I'd like to say good luck to everyone this fall in the field and in life. Enjoy life, be safe, and keep up the good work preserving hunting for the future. And maybe when some people grow up a little bit I'll be back but until then, put a hurtin on them birds!!  
Thanks Guys,
PS: Thanks Chris and the Nodak Crew, and good luck with the site in the future.
Take it easy!
:beer:


----------



## GooseBuster3 (Mar 1, 2002)

It happens every year, Im surprised I havent been siring the pot.. I think they call it pre waterfowler season cycle. (PWS).
The Nr's get it really bad... :wink: :lol:


----------



## deacon (Sep 12, 2003)

quackattack,

you just need to ignore some people on this site. I went through the same thing a couple of years ago. My feedback and opinion sharing on issues has really dropped. Personal attacks and any opinion other then theirs is completely wrong in their mind (complete lack of respect for others). Good luck to you and thanks for participating.


----------



## mallardhunter (May 15, 2004)

Why would you leave? Its pointless, no one makes you read all the bull. JMO I love this site and I don't plan on leaving it.


----------



## Hunter_58346 (May 22, 2003)

....and remember if you leave, they won :-?


----------



## njsimonson (Sep 24, 2002)

Happy Trails!

We'll all still be waiting here at the ol-cyber-waterin-hole when you decide to venture round again! Have a good season!

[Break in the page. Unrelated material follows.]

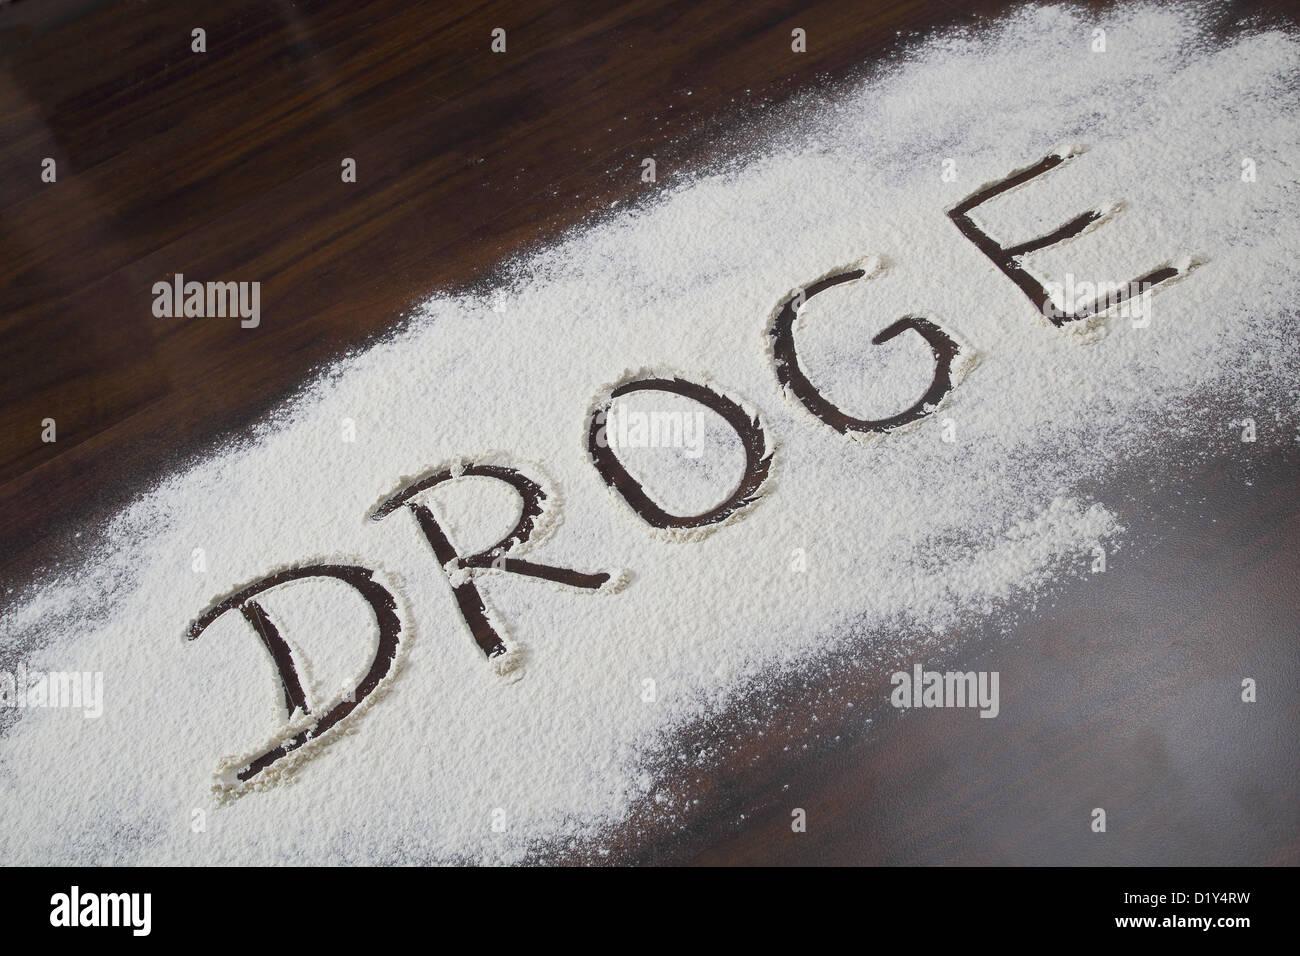 Le mot allemand pour les écrits en poudre blanche Photo Stock
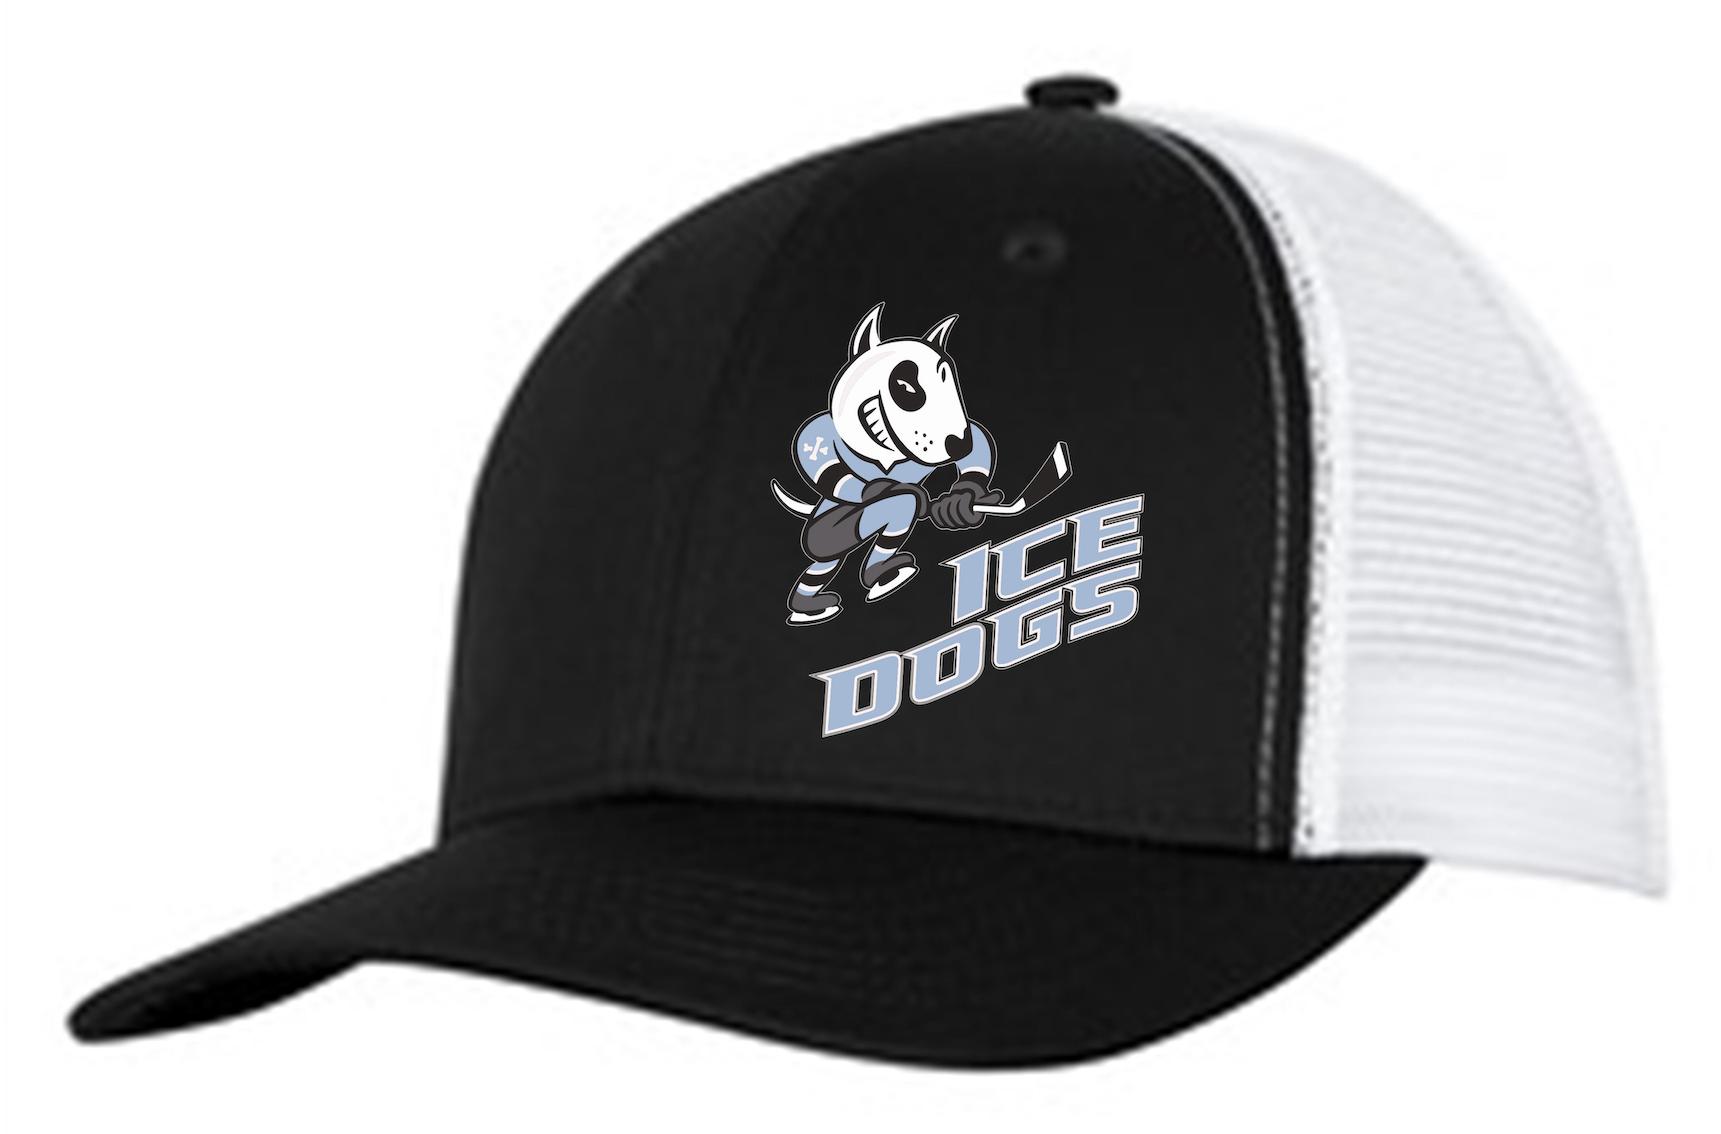 Ice Dogs Trucker SnapBack Hat

(By the way, has anyone ever wondered why the heck these "Dear Nodakers" posts always soooo dramatic, like breaking up with a girlfriend or something?!? Is it the innate need for attention or what? If I was going to stop visiting a website, I'd just STOP VISITING A WEBSITE...its not like I owe others online alimony, or 1/2 the mortgage payment or even an explaination...sheesh!  )


----------



## dosch (May 20, 2003)

NJ

Exactly!!!! Lonely soul.............................


----------



## Choclab (Nov 19, 2004)

Well said Mallardhunter, why leave. I am a NR and absolutely love hunting in ND. Our luck has been poor, but the relationships with the residents has been nothing short of awesome. I research this site daily looking for information on "how to" rather than "where to". I've been hunting long enough to know if you scout a little, rewards will be paid. It actually frustrates me to see negative replies to specific questions about the "x". Why bother responding? Best of luck guys!


----------



## smalls (Sep 9, 2003)

njsimonson said:


> Happy Trails!
> 
> We'll all still be waiting here at the ol-cyber-waterin-hole when you decide to venture round again! Have a good season!
> 
> (By the way, has anyone ever wondered why the heck these "Dear Nodakers" posts always soooo dramatic, like breaking up with a girlfriend or something?!? Is it the innate need for attention or what? If I was going to stop visiting a website, I'd just STOP VISITING A WEBSITE...its not like I owe others online alimony, or 1/2 the mortgage payment or even an explaination...sheesh!  )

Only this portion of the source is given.